Ольга Матич

 

Необарочная «Палисандрия»

Саши Соколова: время, альтернативная история, память[0]

 

Последний роман Саши Соколова «Палисандрия» (1985) – это пародийные воспоминания и пародийная одиссея вымышленного кремлевского сироты и свидетеля Палисандра Дальберга; он – эротоман, но непростой: геронтофил и к тому же, как выясняется, – гермафродит. Его фантастическая генеалогия включает Распутина и Берию; Сталин (дядя Иосиф) – один из его многочисленных кремлевских опекунов, и так далее.

Я дружу с Сашей Соколовым с конца 1970-х годов, впервые прочла «Палисандрию» в рукописи и написала об этом романе вскоре после того, как он был опубликован. В статье речь шла о том, как в нем демифологизируется пересмотр современными русскими писателями и исследователями официальной советской истории с целью сказать историческую «правду»[1]. В этом докладе я сосредоточусь на авторефлексивной репрезентации времени в «Палисандрии» и необарочной составляющей романа.

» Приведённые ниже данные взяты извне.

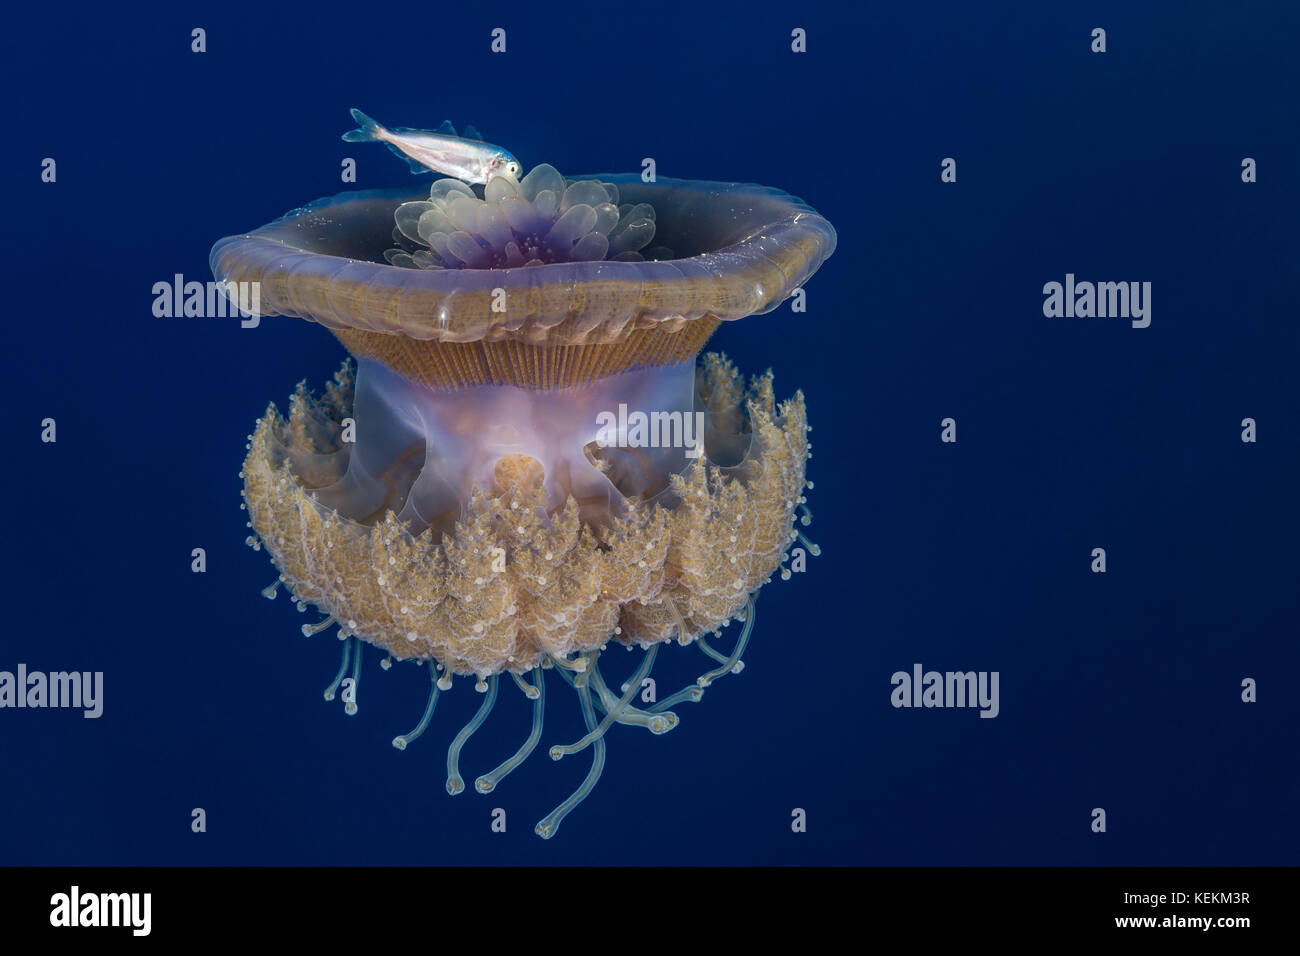 Il cavolfiore meduse e novellame, cephea cephea, Elphinstone Reef, Mar Rosso, Egitto Foto Stock
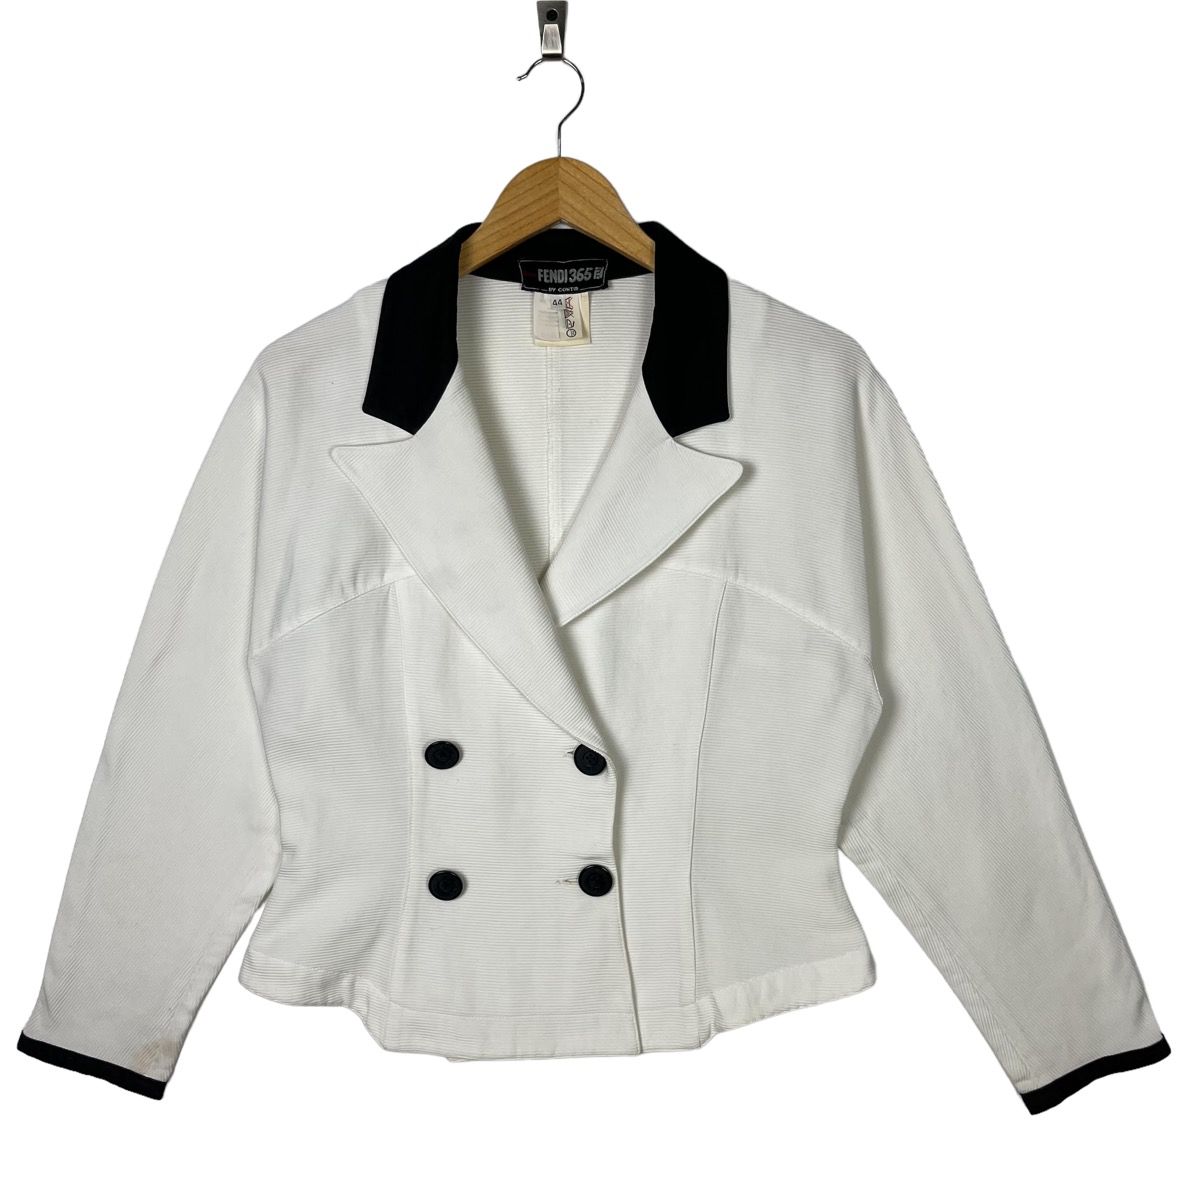 Vintage Vintage Fendi Roma 365 Blazer Jacket Size M / US 6-8 / IT 42-44 - 1 Preview

Пролог романа начинается с того, как дядя Палисандра, Берия, председатель Совета Опекунов, надзирающего за Россией, вешается на кремлевских часах ровно без шестнадцати девять, тем самым их останавливая. Его самоубийство, состоявшееся вскоре после случайной смерти Сталина от розыгрыша кремлевских детей, знаменует начало романного безвременья, что по-старинному значит застой, а вообще – отсутствие времени. Тут это слово также означает окончание времени. Триумфальное возвращение героя главой России в конце романа знаменует конец безвременья: «Безвременье кончилось... Наступила пора свершений и подвигов». Взаимоотношения времени и безвременья, как и взаимоотношения прошлого, настоящего и будущего,  – лейтмотивы романа – называются по-разному: безвременье, вечное сейчас, мимолетье (уходящее временя), déjà vu, – и неологизмом ужебыло, звучащим как анахронизм. Время с его затейливыми повторениями разнообразно тематизируется в романе. Пародийные воспоминания, написанные Палисандром, датированы 2044 годом. Его биограф пишет семьсот лет спустя – в 2757 году[2].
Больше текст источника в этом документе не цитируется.